Right now, many investors and social impact incubators assume social enterprises, conscious companies, and mission-driven startups need outside funding. The question of when and how to fund each enterprise drives the existing paradigm that assumes all conscious businesses need or want outside funding.
Within this assumption, the main question is often whether or not a social enterprise is ready for funding. But are we asking the right question -- do all social enterprises actually need outside funding to begin with?
To answer this question, let’s turn to the largest, most-overlooked sector in business -- the microbusiness.
The Forgotten Microbusiness: A Game Changer for Wealth Creation
According to the U.S. Census Bureau, a staggering 92 percent of U.S. businesses are microbusinesses -- defined as a business with one to five employees, counting the owner.
Despite this vast majority, many investors assume that all startups want to be the next household brand. Therefore, funding is required to build and hire the right team to eventually exit the business with a sale, acquisition, or initial public offering, and 10x the investor’s return.
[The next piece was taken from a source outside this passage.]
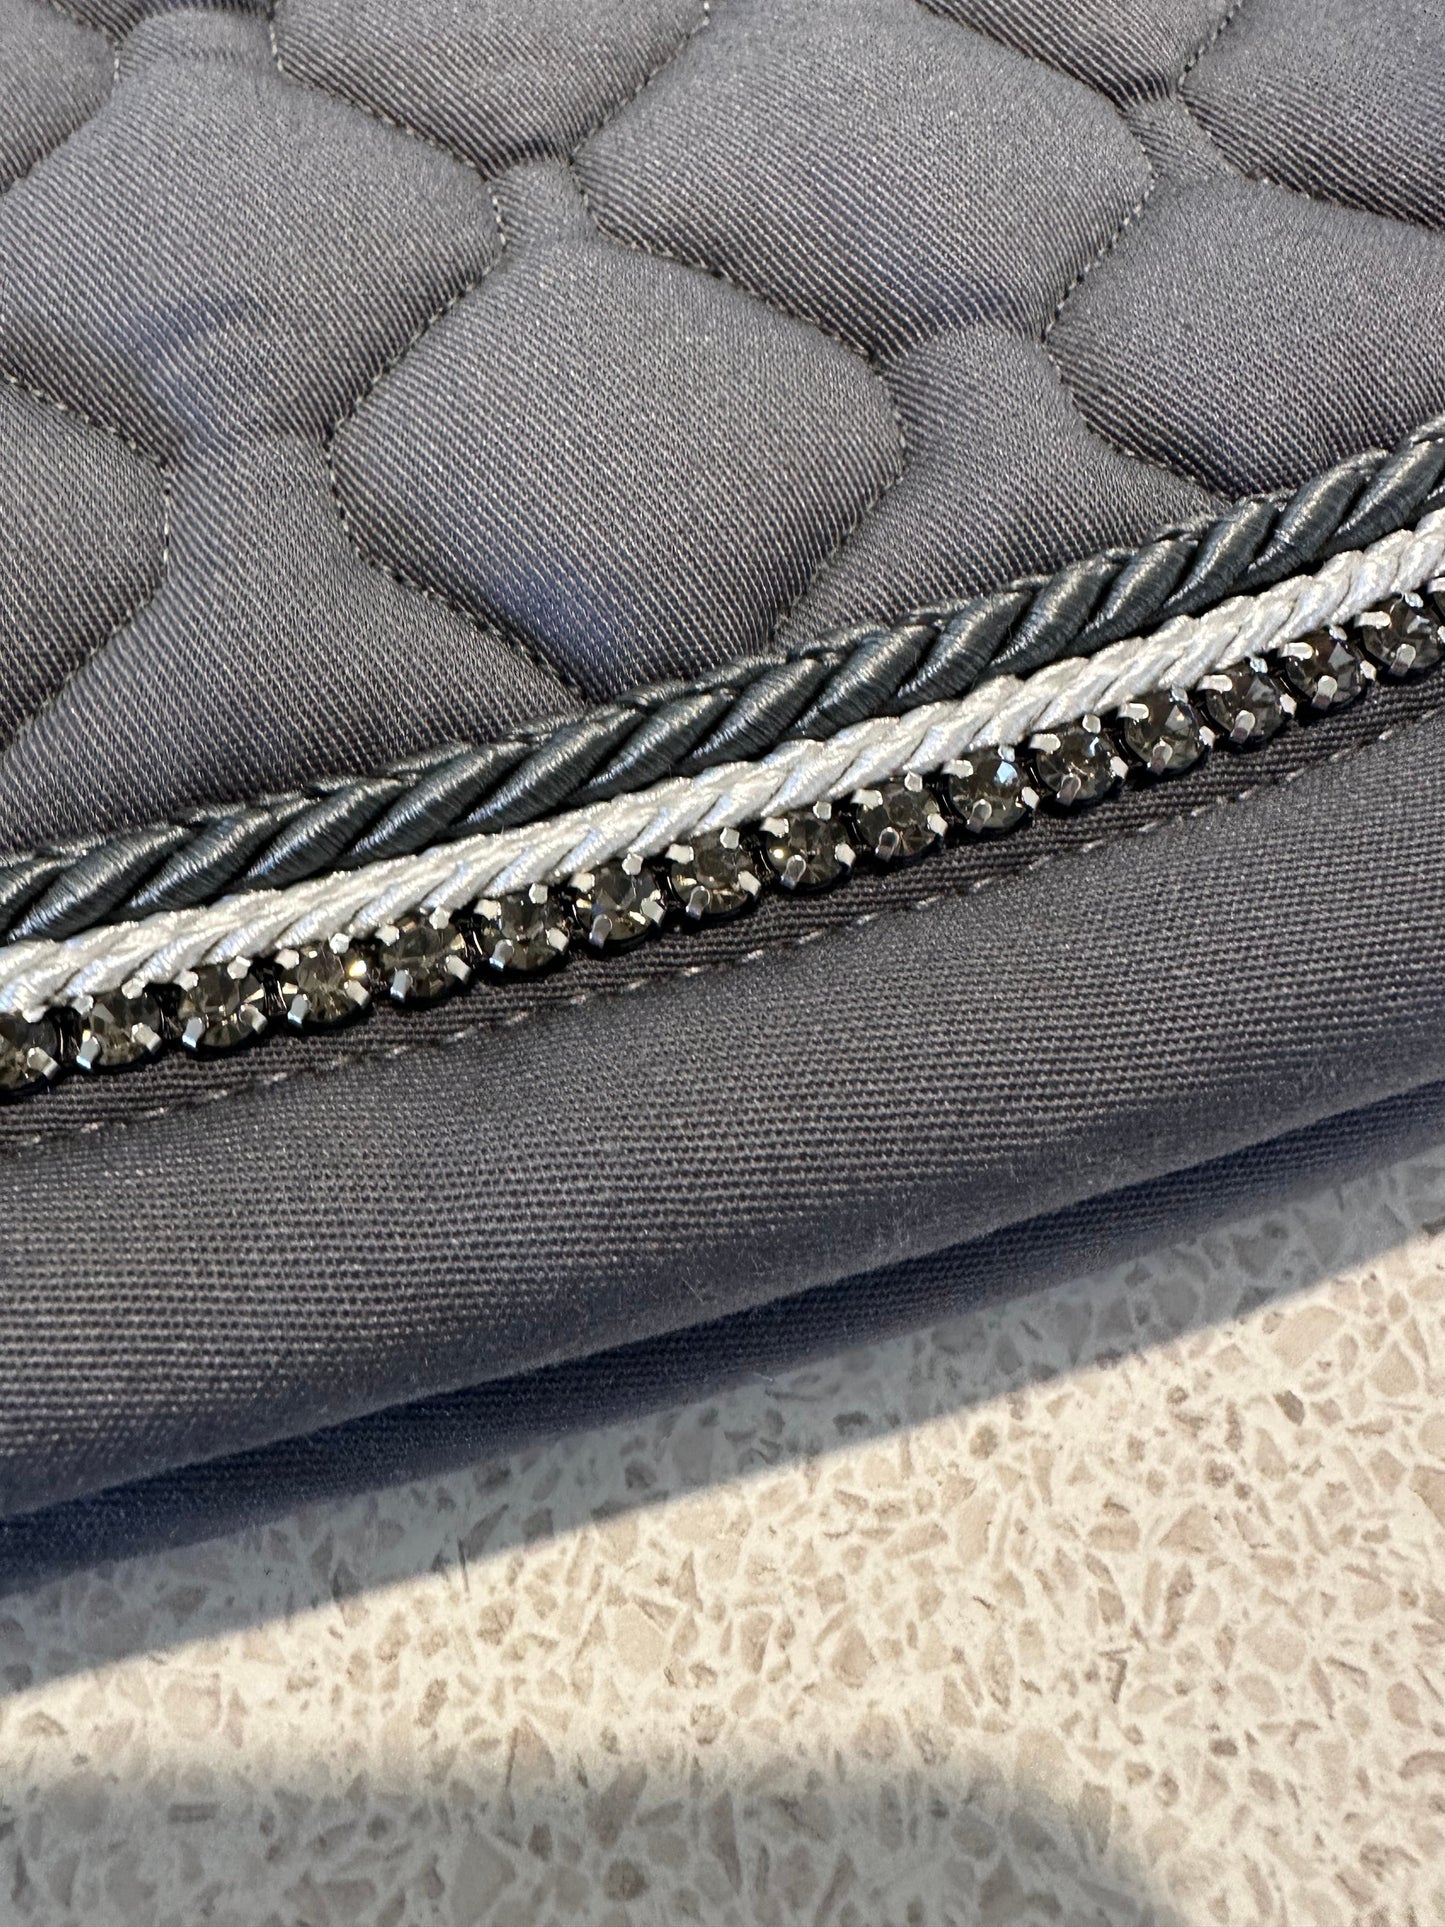 Anna Scarpati saddle pad with crystal detail and braided cording.

This is where the current funding paradigm falls short.
Microbusinesses (which studies show are mostly comprised of young people, women, and/or minorities) often don’t want to exit. They may not even want a team. They want the income and freedom that allows them to spend time with their family or travel. They are far away from the typical startup founder spending hours and hours hustling to make the next do-or-die round of funding.
What’s Possible Inside this Missed Opportunity
As a business coach who works with conscious, mission-driven microbusinesses and solopreneurs, my market research shows that the vast majority of microbusinesses aren’t built with an exit strategy in mind. Instead, these microbusiness owners are building what’s sometimes referred to as a “lifestyle business.” Their end goal is more freedom to be with their family and friends, enjoy their favorite hobby, travel, and give back.
The current funding paradigm isn’t designed for this. You would never see an investor put their money on a microbusiness that plans to stay a microbusiness. They would assume there was no potential for growth. But this is untrue.
Many microbusinesses are, in fact, making anywhere from $10,000 to $200,000 per month with zero employees and just a handful of contractors. Most of them were self-funded. No, they aren’t trust fund babies, or former Microsoft employees who had their stocks go public. They were people with no money, perhaps even living off credit cards, who were able to build successful businesses without outside funding.
Why the Current Funding-Focused Model of Business Growth Is Broken
Having been an Office Hours Mentor for Social Enterprise Alliance and the current Chair for Social Enterprise Alliance, Washington state, I have been surprised to find how many entrepreneurs lack basic business fundamentals. Even when they secure funding from winning a contest or an incubator, they often lose that money because of poor decisions, due to a lack of business skills or inadequate market research. For example, one social enterprise secured $50,000 in government funding, then found there was no market and their model wouldn’t work, after spending all the money. Another social enterprise secured $60,000 and was featured on several major news outlets. The owner confided to me that even before their launch, they ran out of money by hiring expensive professionals for branding and are almost through their savings.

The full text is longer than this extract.